Central African Republic’s President Francois Bozize fired his son from the position of defense minister and assumed the role himself as rebel fighters threatened Bangui, the nation’s capital.
Bozize also fired army chief Guillaume Lapo, according to four presidential decrees read out on state broadcaster Radio Centrafrique yesterday.
The leader, who won power through a 2003 coup, on Dec. 31 called the army “incompetent and undisciplined” after being overcome by the northern insurgents, sometimes without a fight.
“If it were disciplined and properly fulfilled its mission, we would not be in this situation,” Bozize said in a speech broadcast on Radio Centrafrique.

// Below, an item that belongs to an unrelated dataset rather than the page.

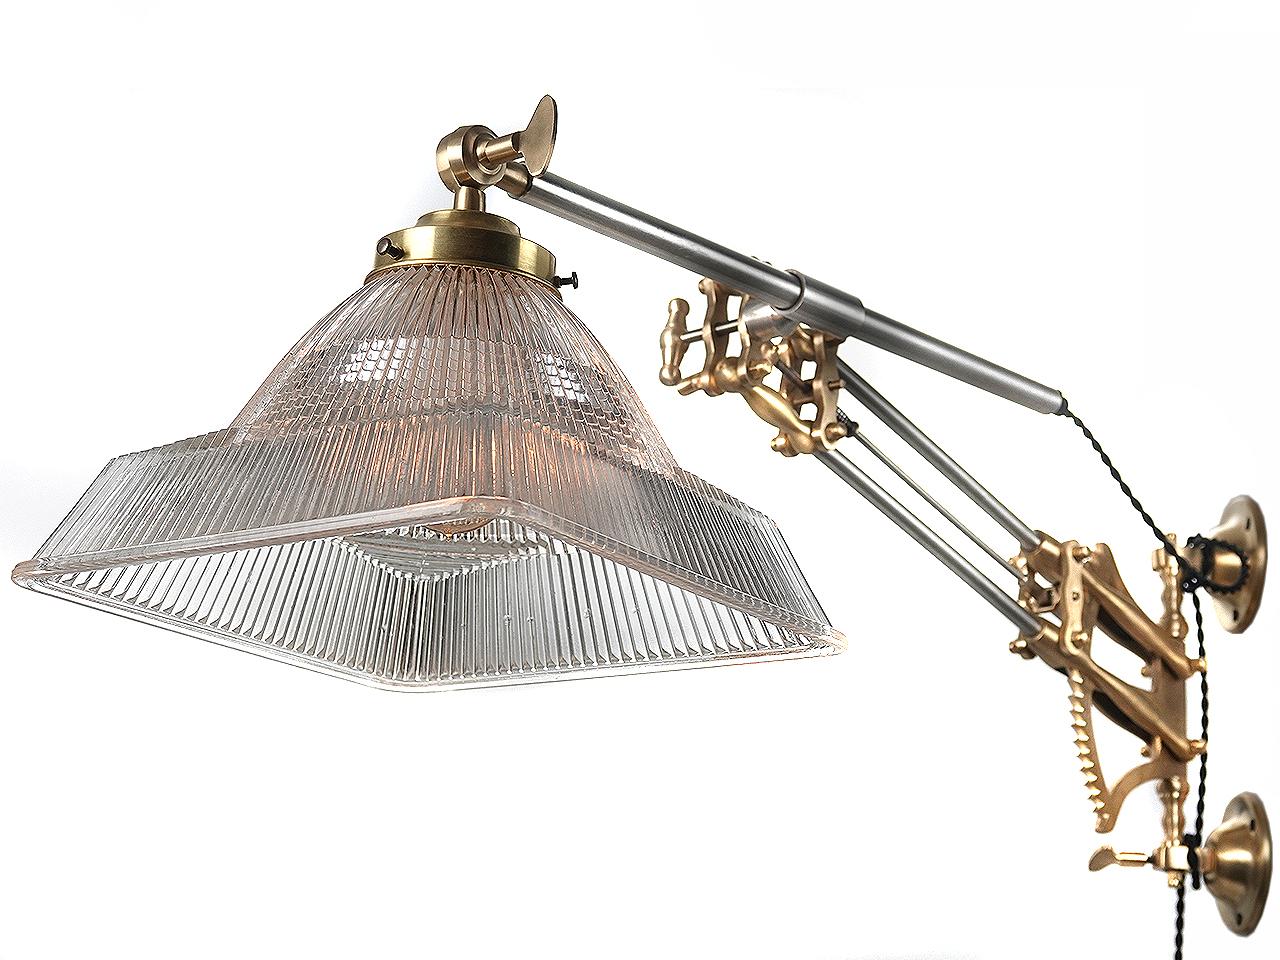 20th Century Elaborate Articulated and Ratcheted Wall Bracket Lamp For Sale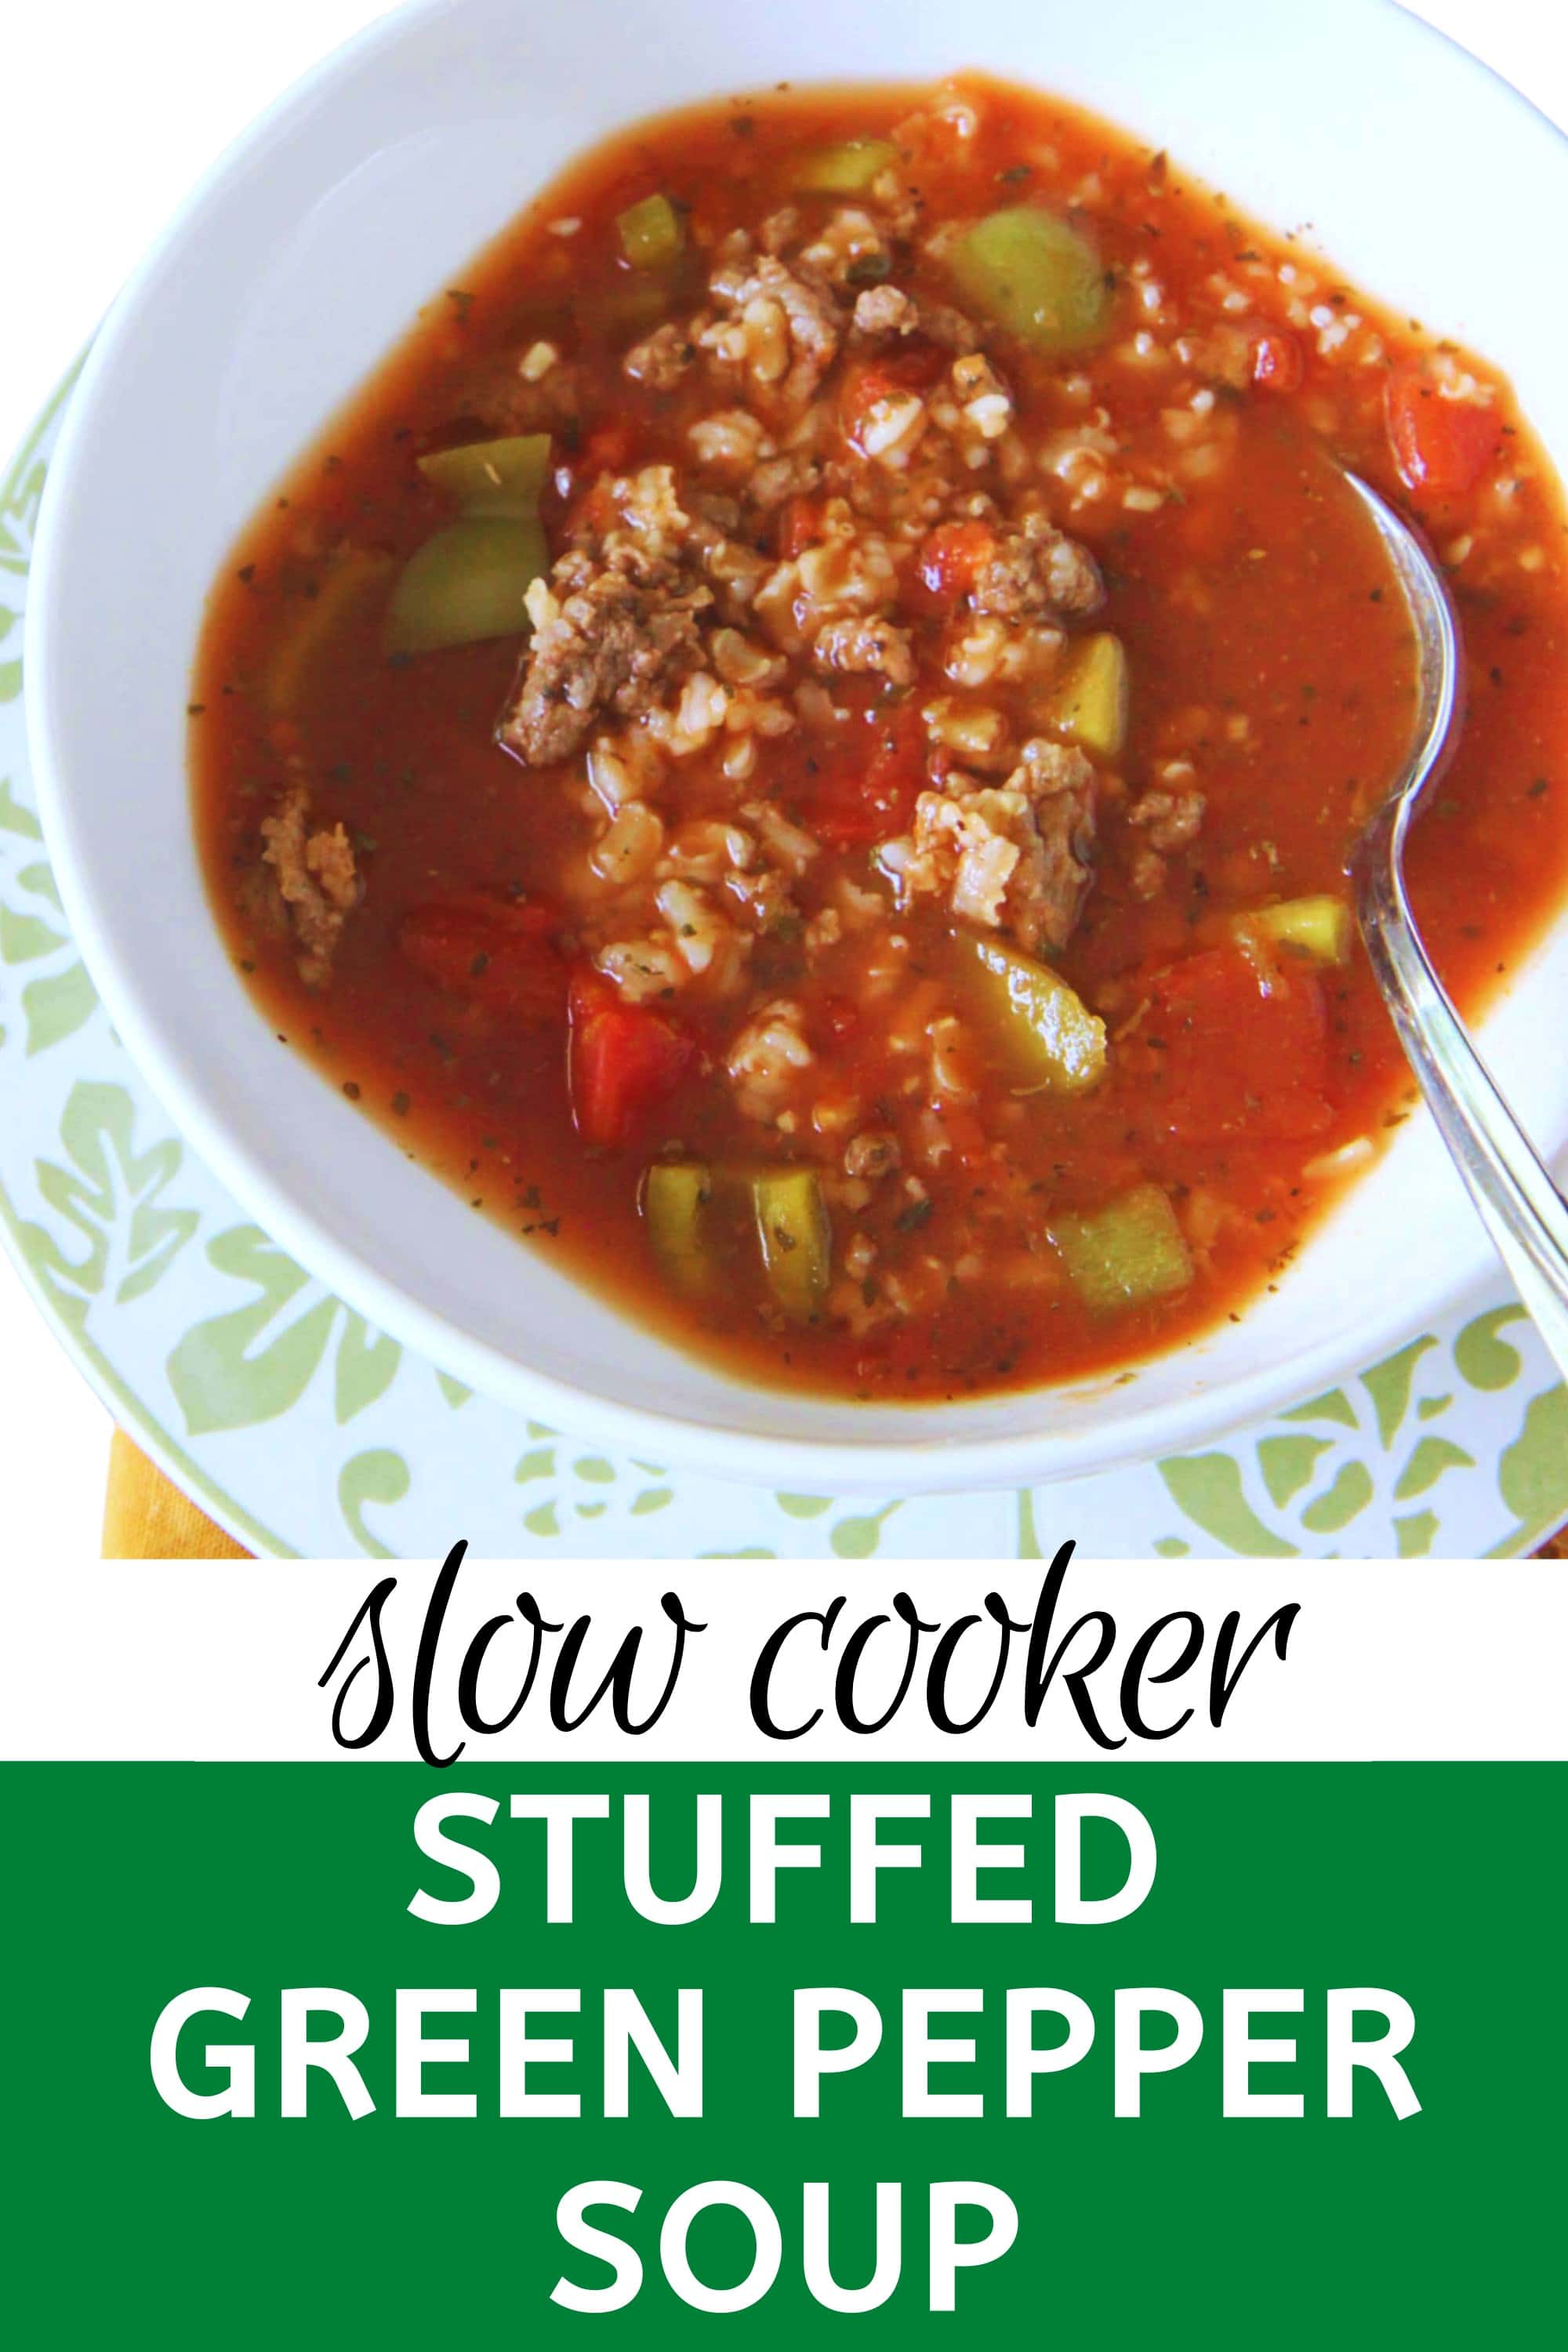 Slow Cooker Stuffed Green Pepper Soup from MomAdvice.com

The so-called Seleka militia, who say Bozize hasn’t honored the terms of a 2008 peace deal, has been moving toward Bangui since beginning an offensive on Dec. 10. The rebels paused their advance and are prepared to negotiate with the government, Interior Minister Josue Binua said yesterday.
Bozize has asked the rebels to disarm and allow him to serve out his term, while offering to create a government of national unity.
A deterioration of the military situation may “plunge the Central African Republic into a protracted cycle of violence and adversely affect regional security and stability,” Nkosazana Dlamini-Zuma, the chairwoman of the African Union Commission, said in an e-mailed statement today.
The nation has been dogged by violence since its independence from France in 1960, with at least four armed battles for Bangui taking place from 1996 to 2003, when Bozize toppled his predecessor Ange-Felix Patasse, whom he previously served as army chief.
Gabon sent 120 soldiers to the Central African Republic on Jan. 1 to provide operational support for a peace mission under the mandate of the Economic Community of Central African States. France has also sent 150 troops, adding to the 250 it already had in the country, to support the mission and to protect the 1,200 French citizens in the country.
The country has a gross domestic product of about $3.6 billion and earns most of its foreign currency from timber and diamond exports, according to the CIA Factbook.